Four reviewers went over this submission. The reviewers raised concerns about:
- the novelty of the contribution [tjpV, qDs6, he9B]
- the novelty of the findings (potential of small scale dataset to achieve state-of-the-art) [tjpV]
- the claims in the paper (not well supported by experimental evidence) [tjpV, fyFz]
- the unconvincing validation and unclear impact of the presented results [tjpV, qDs6, he9B, fyFz] (comparisons wrt models trained on high quality datasets, no human evaluations, fairness of comparisons, no comparisons with recent models, low resolution experiments, complex scenes)
- the practical quality of generated images [tjpV]
- the quality of the presentation [qDs6]
The rebuttal partially addressed the reviewers concerns. In particular, the rebuttal introduced:
- new experimental evidence contrasting with work training/finetuning text-to-image models on small scale data
- comparisons with more recent text-to-image models
- results on complex scenes (extending ImageNet with COCO or LAION-POP).
The rebuttal also introduced additional metrics (as opposed to user studies) to capture human preference (ImageReward and HPSv2) and argued about the novelty ("demonstrating that a reproducible, resource-efficient training on a small, open dataset like ImageNet can achieve state-of-the-art performance").

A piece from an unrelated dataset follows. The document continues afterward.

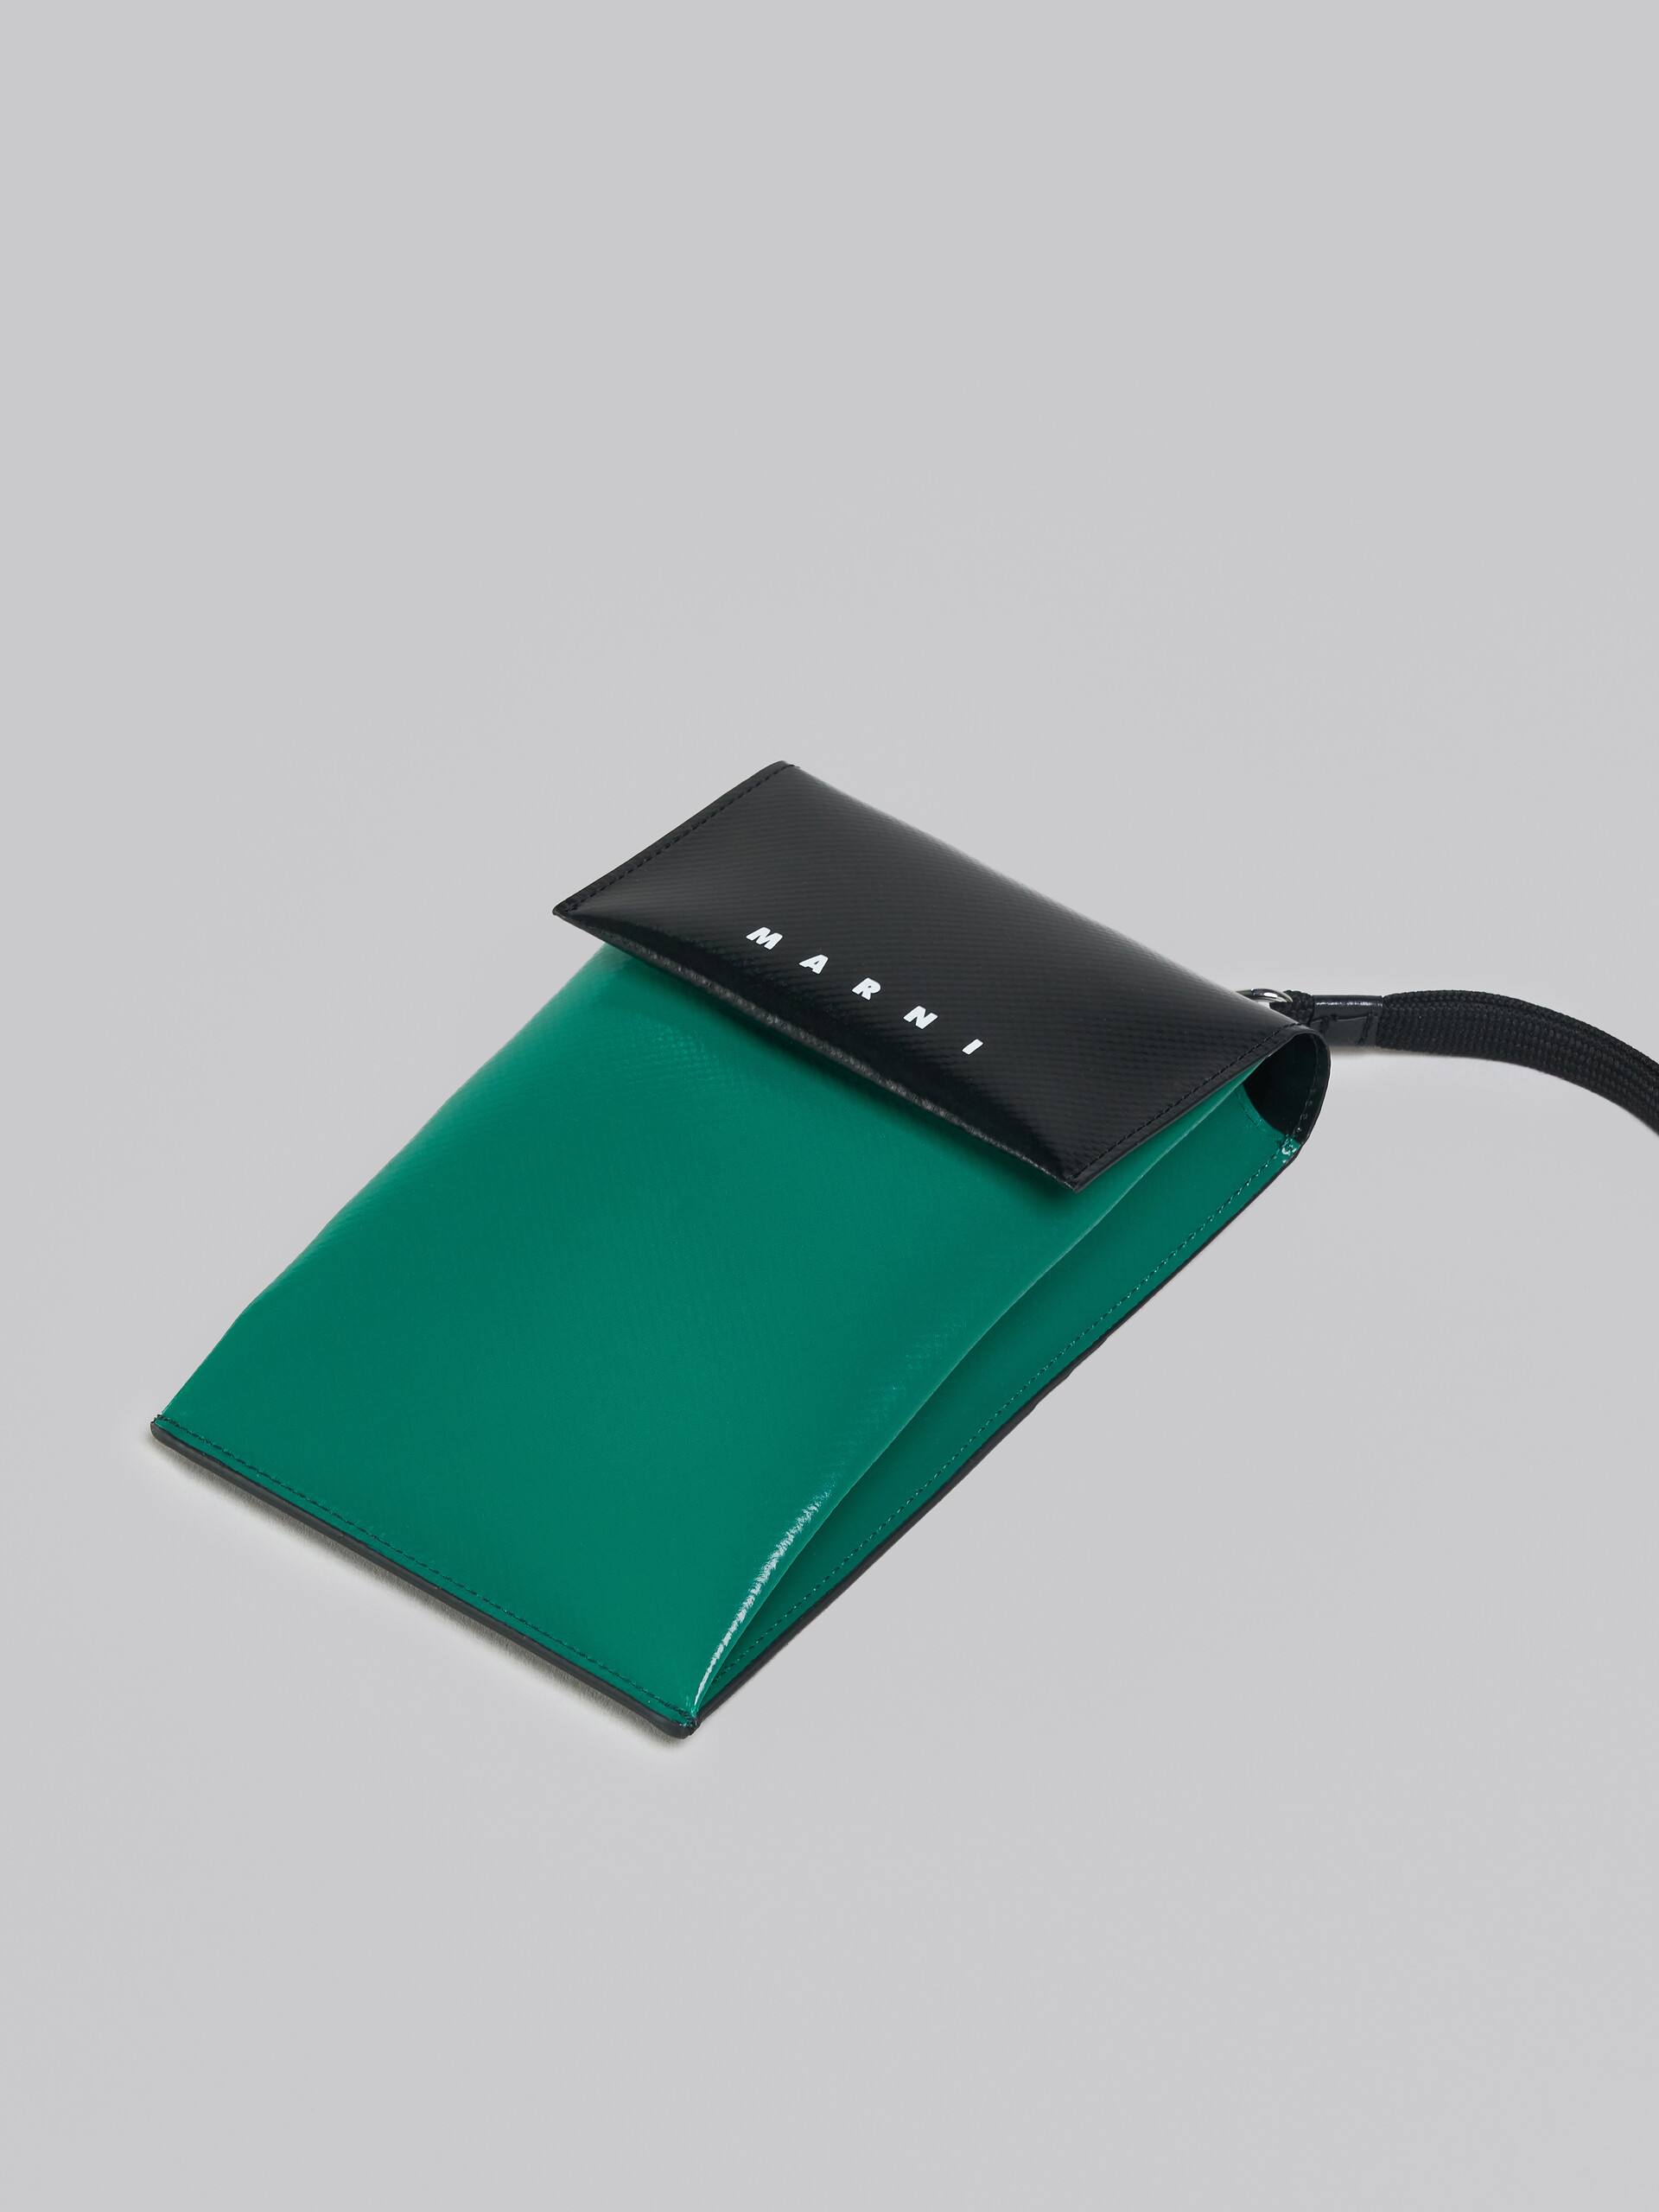 Tribeca green and black phone case - Wallets and Small Leather Goods - Image 4
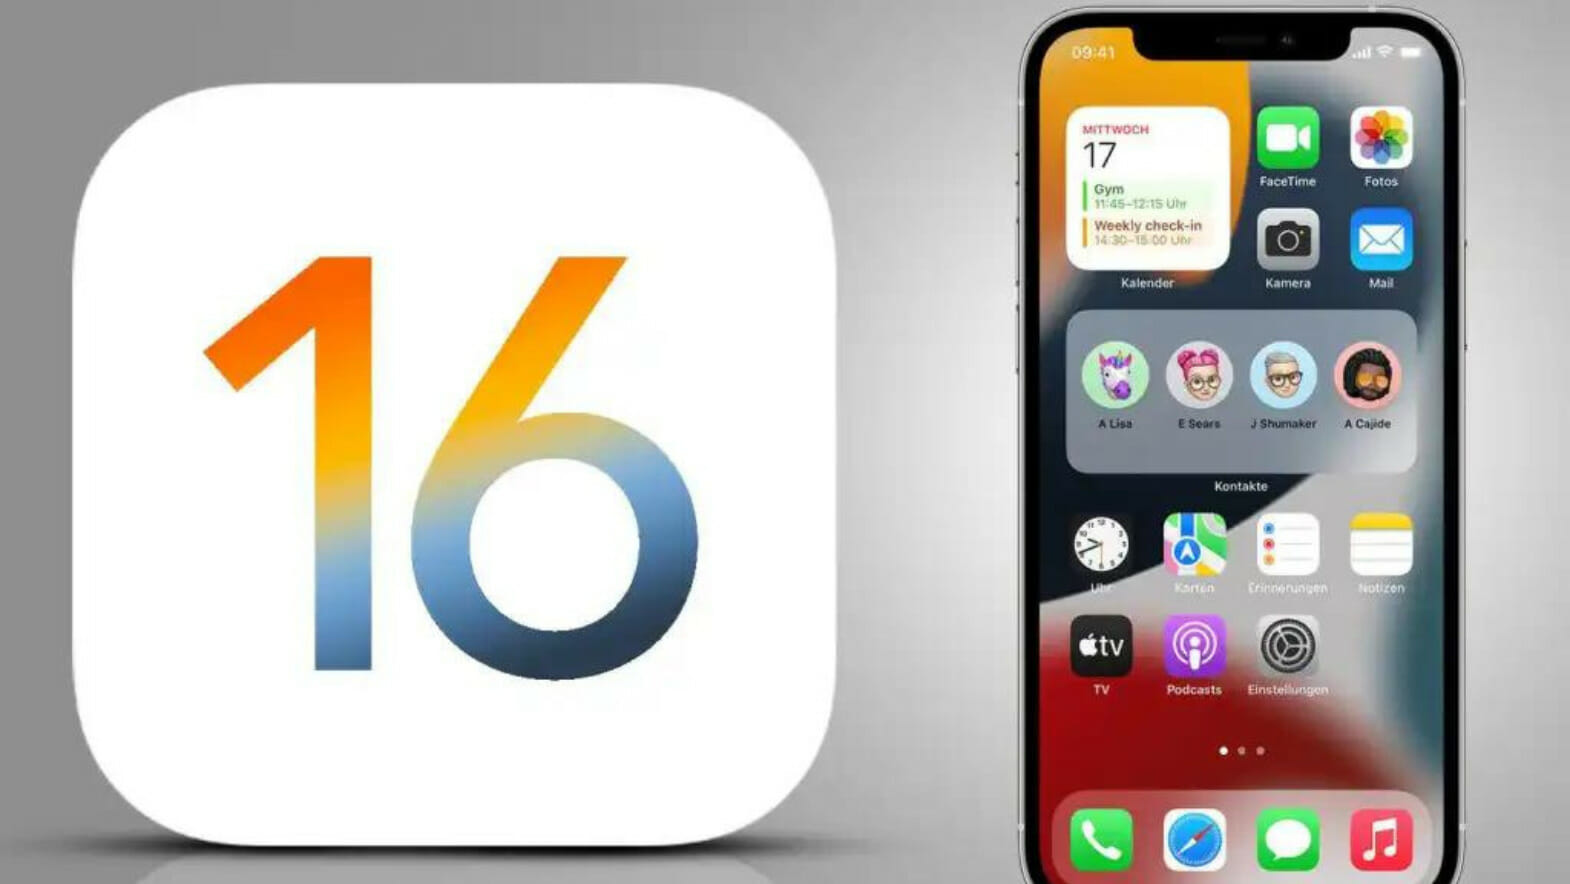 iPhone Hacks: Here's How to Fix the 4 Most Annoying iOS 16 Features - CNET

During discussion, many reviewers engaged with the authors. After rebuttal, the recommendation remains borderline. The AC engaged in discussion with the reviewers. The reviewers agreed (despite their final ratings) on the following discussion points: 1) importance of aesthetic quality, 2) the upper bound limitation brought by ImageNet, 3) the claims of the paper which still appear too strong given the experimental evidence. There were disagreements among reviewers on the novelty and clarity of presentation.
The authors reached out to the AC about fundamental disagreements with some parts of the feedback received, and summarized the key points of the process in the final remarks. The AC took these messages into consideration when discussing and making the final recommendation.
The AC agrees with the reviewers that the claims are too strong given the evidence, since the claimed advantages/competitiveness do not extend to stronger baselines. The paper would benefit from rethinking its current narrative and from adjusting the claims to the reported results. Given the current results, the significance of the contribution remains unclear. Therefore, the AC recommends to reject.